"""
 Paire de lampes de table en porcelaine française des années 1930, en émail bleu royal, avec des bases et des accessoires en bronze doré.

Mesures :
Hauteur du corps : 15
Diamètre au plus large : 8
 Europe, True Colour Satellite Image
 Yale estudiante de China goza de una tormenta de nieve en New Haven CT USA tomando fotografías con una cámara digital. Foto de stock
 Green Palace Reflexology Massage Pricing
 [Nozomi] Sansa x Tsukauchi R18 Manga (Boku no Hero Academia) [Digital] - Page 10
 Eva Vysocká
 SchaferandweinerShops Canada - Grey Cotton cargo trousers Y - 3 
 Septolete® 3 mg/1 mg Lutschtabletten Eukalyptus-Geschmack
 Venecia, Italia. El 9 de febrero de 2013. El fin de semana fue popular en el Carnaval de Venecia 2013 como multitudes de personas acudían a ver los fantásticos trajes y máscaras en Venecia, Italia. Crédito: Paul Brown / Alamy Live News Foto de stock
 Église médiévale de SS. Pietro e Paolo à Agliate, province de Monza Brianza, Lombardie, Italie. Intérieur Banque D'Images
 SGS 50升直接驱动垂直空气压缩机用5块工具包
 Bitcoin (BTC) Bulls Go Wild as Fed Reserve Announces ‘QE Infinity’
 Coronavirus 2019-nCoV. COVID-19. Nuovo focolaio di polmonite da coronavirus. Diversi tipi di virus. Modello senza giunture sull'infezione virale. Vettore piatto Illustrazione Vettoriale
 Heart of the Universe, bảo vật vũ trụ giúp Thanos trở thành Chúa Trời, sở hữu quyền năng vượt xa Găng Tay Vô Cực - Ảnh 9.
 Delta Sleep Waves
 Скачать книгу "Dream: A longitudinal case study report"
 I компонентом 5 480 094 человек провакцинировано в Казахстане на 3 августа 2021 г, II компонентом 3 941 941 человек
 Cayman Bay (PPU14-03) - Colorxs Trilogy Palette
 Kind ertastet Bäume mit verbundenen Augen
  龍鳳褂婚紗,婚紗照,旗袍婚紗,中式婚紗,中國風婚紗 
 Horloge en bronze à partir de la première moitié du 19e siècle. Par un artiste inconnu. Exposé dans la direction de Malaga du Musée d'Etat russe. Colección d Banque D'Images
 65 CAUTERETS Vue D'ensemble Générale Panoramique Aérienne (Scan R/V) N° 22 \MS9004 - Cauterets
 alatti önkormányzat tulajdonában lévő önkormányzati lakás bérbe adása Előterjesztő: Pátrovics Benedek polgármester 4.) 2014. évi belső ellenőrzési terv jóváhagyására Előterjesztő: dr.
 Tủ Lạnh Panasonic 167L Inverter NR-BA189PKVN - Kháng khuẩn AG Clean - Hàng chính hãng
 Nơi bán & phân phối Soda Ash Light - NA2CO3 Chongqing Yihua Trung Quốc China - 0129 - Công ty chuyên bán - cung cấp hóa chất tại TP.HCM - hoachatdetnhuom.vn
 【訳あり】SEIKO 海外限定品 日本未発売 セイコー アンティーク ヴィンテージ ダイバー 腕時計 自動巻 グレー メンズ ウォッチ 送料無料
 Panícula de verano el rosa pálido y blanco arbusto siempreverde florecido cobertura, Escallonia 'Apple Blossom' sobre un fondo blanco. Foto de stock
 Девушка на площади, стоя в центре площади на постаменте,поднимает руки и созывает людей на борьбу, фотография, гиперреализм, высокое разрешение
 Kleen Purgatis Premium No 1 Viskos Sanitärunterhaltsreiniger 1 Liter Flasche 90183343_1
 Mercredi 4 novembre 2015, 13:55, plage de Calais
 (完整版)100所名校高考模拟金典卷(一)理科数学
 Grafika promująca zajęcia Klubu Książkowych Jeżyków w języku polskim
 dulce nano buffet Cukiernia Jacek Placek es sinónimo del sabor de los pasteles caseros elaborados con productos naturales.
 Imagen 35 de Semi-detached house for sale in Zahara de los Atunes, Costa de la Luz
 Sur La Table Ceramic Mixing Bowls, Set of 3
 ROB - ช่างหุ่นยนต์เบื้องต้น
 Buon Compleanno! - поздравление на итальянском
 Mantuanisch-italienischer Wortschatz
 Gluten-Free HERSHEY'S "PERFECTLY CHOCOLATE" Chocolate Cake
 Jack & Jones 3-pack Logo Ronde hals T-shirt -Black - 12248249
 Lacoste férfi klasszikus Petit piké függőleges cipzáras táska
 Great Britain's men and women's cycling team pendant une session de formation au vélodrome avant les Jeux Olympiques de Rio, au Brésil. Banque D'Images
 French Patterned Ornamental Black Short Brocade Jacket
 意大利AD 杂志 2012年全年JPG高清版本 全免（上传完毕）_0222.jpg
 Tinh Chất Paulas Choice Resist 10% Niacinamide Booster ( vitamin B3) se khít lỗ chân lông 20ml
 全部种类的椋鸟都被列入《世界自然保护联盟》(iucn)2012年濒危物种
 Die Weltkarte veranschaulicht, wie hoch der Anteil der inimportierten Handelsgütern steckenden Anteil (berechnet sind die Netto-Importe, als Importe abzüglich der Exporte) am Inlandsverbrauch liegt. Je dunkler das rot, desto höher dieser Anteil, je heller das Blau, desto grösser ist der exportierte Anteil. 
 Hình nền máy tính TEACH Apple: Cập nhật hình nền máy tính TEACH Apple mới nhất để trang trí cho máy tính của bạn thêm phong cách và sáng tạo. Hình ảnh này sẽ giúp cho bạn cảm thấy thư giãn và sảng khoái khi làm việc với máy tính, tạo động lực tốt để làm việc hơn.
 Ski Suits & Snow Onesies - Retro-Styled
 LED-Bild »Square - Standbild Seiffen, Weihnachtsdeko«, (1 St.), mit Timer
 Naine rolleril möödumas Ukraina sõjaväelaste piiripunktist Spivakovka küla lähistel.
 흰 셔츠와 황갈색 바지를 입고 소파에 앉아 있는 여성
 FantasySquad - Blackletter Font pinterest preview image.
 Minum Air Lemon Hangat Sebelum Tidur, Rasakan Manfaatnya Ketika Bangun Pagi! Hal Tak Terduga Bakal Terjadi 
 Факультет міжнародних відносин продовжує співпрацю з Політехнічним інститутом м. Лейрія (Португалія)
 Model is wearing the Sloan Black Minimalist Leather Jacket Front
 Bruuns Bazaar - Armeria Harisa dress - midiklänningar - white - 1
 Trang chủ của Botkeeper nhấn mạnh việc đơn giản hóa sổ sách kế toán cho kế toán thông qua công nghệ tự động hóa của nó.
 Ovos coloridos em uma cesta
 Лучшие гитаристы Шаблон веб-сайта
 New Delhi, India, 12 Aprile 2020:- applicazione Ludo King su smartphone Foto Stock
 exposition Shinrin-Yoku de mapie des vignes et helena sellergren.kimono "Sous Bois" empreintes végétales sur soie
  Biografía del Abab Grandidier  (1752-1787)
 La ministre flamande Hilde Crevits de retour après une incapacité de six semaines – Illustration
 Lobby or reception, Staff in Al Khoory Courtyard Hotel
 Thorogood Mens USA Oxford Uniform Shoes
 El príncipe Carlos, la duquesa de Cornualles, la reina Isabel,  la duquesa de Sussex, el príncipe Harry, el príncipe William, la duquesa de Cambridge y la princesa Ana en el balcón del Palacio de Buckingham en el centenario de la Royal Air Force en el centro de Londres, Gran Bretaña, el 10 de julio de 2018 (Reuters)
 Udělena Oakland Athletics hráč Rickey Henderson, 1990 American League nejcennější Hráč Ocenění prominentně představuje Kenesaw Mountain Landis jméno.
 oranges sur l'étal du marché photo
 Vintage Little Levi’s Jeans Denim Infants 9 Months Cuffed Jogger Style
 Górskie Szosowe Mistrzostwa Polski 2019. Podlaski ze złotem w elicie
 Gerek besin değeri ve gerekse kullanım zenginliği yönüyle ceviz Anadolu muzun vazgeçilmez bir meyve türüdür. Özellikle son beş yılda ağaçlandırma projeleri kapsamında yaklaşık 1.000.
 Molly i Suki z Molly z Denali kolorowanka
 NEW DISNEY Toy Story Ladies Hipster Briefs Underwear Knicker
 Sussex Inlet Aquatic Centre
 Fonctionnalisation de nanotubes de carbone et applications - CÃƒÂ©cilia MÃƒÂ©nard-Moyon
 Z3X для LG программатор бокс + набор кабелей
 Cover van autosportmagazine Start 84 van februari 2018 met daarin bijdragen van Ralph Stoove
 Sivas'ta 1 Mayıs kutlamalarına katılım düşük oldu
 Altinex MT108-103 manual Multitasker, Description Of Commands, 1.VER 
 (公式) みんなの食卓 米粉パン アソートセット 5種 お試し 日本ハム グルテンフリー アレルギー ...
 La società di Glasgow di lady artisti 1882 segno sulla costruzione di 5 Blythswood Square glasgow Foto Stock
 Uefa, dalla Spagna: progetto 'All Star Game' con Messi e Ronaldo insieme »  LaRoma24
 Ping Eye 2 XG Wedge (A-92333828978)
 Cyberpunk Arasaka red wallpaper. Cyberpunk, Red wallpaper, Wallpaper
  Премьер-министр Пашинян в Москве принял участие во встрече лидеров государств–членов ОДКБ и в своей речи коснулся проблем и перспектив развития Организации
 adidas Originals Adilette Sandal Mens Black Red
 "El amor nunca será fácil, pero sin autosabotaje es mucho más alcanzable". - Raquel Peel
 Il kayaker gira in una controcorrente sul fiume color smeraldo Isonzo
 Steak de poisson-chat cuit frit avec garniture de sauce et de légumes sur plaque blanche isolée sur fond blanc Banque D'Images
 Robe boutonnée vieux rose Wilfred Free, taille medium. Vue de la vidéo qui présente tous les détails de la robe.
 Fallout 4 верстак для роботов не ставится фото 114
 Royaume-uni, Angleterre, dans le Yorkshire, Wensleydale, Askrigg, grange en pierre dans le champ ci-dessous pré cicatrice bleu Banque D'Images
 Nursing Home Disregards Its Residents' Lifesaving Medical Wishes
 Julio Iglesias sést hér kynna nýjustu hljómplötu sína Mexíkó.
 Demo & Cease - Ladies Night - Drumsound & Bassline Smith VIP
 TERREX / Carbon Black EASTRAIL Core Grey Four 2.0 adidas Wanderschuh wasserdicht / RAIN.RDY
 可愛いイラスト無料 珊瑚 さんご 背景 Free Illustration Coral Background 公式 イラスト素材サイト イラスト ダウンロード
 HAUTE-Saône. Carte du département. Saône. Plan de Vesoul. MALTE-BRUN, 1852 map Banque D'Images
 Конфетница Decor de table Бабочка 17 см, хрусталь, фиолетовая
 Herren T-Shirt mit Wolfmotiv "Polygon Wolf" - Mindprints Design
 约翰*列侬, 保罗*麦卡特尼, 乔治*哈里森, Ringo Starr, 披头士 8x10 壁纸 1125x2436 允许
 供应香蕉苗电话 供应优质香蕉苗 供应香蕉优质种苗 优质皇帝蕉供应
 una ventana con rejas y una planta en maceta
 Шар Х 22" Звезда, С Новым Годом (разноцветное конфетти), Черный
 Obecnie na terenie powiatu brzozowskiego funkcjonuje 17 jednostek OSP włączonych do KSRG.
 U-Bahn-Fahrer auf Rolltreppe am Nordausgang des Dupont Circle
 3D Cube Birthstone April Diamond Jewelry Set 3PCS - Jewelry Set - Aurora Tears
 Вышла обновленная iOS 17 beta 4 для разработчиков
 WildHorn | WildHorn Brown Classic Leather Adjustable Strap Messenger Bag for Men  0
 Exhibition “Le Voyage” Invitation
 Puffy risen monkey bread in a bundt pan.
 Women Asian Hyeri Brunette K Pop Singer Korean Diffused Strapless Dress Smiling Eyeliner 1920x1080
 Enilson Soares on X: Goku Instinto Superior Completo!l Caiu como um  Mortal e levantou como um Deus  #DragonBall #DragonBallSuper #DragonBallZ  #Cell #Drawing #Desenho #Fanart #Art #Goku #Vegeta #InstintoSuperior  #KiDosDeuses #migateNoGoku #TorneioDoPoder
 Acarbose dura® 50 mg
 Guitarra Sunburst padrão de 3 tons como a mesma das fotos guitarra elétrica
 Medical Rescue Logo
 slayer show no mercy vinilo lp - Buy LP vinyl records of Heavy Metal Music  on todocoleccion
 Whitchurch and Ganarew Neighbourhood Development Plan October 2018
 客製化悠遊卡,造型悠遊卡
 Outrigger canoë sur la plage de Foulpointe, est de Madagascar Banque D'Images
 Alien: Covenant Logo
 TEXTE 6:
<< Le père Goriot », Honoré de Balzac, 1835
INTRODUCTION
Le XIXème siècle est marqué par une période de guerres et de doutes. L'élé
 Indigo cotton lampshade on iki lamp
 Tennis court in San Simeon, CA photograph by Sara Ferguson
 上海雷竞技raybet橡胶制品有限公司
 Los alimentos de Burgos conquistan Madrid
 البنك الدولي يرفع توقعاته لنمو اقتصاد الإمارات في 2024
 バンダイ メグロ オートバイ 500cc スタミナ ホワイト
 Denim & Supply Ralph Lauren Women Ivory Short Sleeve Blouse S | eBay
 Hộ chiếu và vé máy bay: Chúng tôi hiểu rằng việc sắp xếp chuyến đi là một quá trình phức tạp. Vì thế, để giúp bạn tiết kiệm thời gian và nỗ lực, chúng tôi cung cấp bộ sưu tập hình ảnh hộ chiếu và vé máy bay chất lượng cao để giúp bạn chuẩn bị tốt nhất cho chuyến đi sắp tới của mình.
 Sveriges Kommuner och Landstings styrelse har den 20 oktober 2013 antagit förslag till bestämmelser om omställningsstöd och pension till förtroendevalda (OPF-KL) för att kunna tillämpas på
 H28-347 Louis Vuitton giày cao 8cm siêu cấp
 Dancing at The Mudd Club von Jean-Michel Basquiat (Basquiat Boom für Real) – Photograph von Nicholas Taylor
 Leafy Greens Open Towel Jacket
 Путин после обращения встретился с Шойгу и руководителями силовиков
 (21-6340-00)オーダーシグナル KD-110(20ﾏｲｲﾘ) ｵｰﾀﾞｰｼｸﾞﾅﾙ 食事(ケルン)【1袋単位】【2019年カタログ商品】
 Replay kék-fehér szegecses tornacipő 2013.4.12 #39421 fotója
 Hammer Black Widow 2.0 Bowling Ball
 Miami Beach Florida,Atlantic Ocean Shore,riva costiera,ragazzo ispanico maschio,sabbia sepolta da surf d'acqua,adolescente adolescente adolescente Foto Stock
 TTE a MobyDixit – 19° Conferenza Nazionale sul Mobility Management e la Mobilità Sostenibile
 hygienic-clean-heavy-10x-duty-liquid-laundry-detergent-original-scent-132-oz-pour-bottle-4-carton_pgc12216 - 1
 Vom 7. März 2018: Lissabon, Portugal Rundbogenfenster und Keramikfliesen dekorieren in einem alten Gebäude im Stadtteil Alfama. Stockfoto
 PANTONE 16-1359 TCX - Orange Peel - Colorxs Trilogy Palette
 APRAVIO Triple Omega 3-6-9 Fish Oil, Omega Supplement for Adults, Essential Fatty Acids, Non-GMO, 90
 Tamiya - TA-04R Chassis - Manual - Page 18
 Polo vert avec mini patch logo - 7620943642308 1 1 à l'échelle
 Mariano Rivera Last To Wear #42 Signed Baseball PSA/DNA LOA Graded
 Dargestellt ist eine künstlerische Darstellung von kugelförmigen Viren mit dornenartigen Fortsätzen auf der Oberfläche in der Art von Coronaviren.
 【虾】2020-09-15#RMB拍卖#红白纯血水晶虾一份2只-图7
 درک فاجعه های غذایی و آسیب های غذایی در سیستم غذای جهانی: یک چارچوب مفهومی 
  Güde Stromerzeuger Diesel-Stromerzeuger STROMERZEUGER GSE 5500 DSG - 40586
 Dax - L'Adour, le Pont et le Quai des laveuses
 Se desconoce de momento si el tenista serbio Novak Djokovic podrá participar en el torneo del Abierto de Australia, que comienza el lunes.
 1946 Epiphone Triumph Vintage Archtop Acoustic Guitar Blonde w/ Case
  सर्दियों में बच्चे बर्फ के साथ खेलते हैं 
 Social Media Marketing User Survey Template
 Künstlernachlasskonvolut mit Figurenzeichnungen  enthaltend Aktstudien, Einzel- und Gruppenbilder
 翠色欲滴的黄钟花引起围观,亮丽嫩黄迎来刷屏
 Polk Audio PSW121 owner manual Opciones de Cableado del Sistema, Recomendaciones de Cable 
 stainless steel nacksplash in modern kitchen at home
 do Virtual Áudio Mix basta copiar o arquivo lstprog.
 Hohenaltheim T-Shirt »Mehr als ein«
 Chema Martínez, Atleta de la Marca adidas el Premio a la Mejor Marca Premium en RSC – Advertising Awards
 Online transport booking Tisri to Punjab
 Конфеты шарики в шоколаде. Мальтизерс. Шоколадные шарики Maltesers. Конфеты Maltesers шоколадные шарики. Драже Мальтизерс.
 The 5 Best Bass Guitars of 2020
"""
Return each line exactly, beginning at the start of the material above and ending at the line that includes "Coronavirus 2019-nCoV. COVID-19.", with both of those kept.

 Paire de lampes de table en porcelaine française des années 1930, en émail bleu royal, avec des bases et des accessoires en bronze doré.

Mesures :
Hauteur du corps : 15
Diamètre au plus large : 8
 Europe, True Colour Satellite Image
 Yale estudiante de China goza de una tormenta de nieve en New Haven CT USA tomando fotografías con una cámara digital. Foto de stock
 Green Palace Reflexology Massage Pricing
 [Nozomi] Sansa x Tsukauchi R18 Manga (Boku no Hero Academia) [Digital] - Page 10
 Eva Vysocká
 SchaferandweinerShops Canada - Grey Cotton cargo trousers Y - 3 
 Septolete® 3 mg/1 mg Lutschtabletten Eukalyptus-Geschmack
 Venecia, Italia. El 9 de febrero de 2013. El fin de semana fue popular en el Carnaval de Venecia 2013 como multitudes de personas acudían a ver los fantásticos trajes y máscaras en Venecia, Italia. Crédito: Paul Brown / Alamy Live News Foto de stock
 Église médiévale de SS. Pietro e Paolo à Agliate, province de Monza Brianza, Lombardie, Italie. Intérieur Banque D'Images
 SGS 50升直接驱动垂直空气压缩机用5块工具包
 Bitcoin (BTC) Bulls Go Wild as Fed Reserve Announces ‘QE Infinity’
 Coronavirus 2019-nCoV. COVID-19. Nuovo focolaio di polmonite da coronavirus. Diversi tipi di virus. Modello senza giunture sull'infezione virale. Vettore piatto Illustrazione Vettoriale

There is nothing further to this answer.